Bayesian Neural Networks

In this tutorial, we demonstrate how one can implement a Bayesian Neural Network using a combination of Turing and Flux, a suite of machine learning tools. We will use Flux to specify the neural network's layers and Turing to implement the probabilistic inference, with the goal of implementing a classification algorithm.

We will begin with importing the relevant libraries.

# Import libraries.
using Turing, Flux, Plots, Random, ReverseDiff

# Hide sampling progress.
Turing.setprogress!(false);

# Use reverse_diff due to the number of parameters in neural networks.
Turing.setadbackend(:reversediff)

:reversediff

Our goal here is to use a Bayesian neural network to classify points in an artificial dataset. The code below generates data points arranged in a box-like pattern and displays a graph of the dataset we'll be working with.

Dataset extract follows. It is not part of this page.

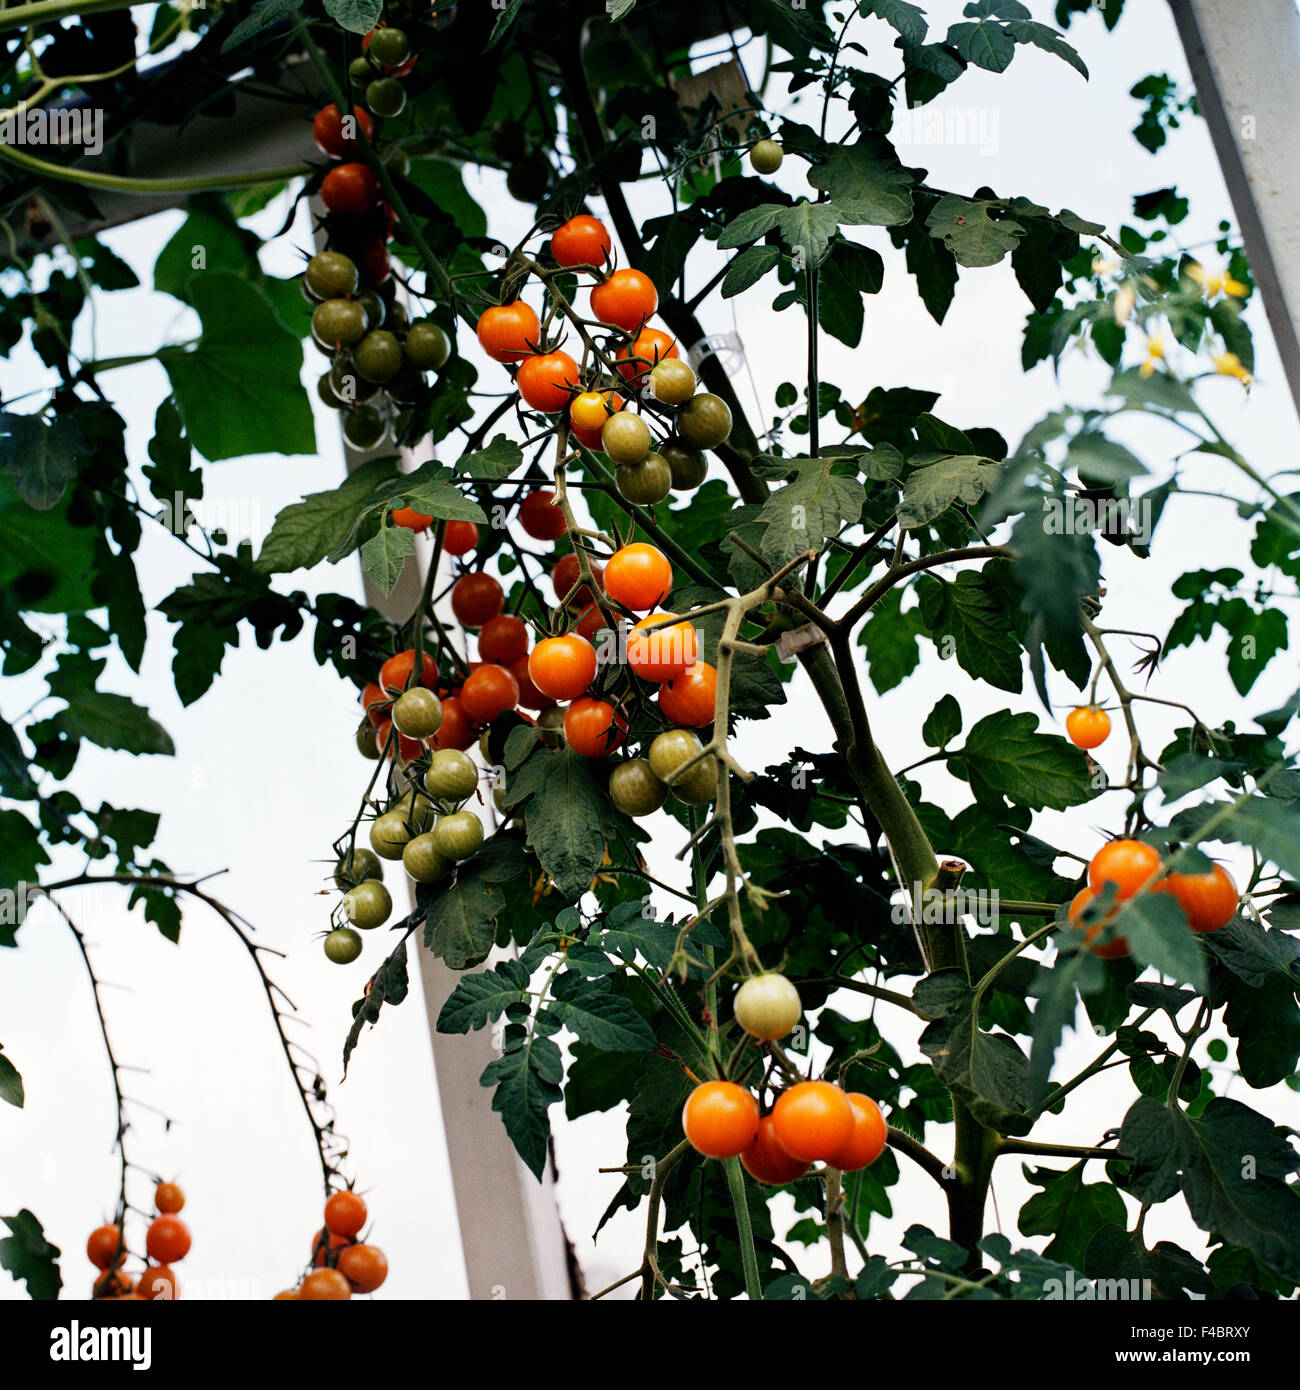 Immagine a colori della frutta e verdura a foglia piazza piante vegetali di pomodoro Foto Stock

# Number of points to generate.
N = 80
M = round(Int, N / 4)
Random.seed!(1234)

# Generate artificial data.
x1s = rand(M) * 4.5;
x2s = rand(M) * 4.5;
xt1s = Array([[x1s[i] + 0.5; x2s[i] + 0.5] for i in 1:M])
x1s = rand(M) * 4.5;
x2s = rand(M) * 4.5;
append!(xt1s, Array([[x1s[i] - 5; x2s[i] - 5] for i in 1:M]))

x1s = rand(M) * 4.5;
x2s = rand(M) * 4.5;
xt0s = Array([[x1s[i] + 0.5; x2s[i] - 5] for i in 1:M])
x1s = rand(M) * 4.5;
x2s = rand(M) * 4.5;
append!(xt0s, Array([[x1s[i] - 5; x2s[i] + 0.5] for i in 1:M]))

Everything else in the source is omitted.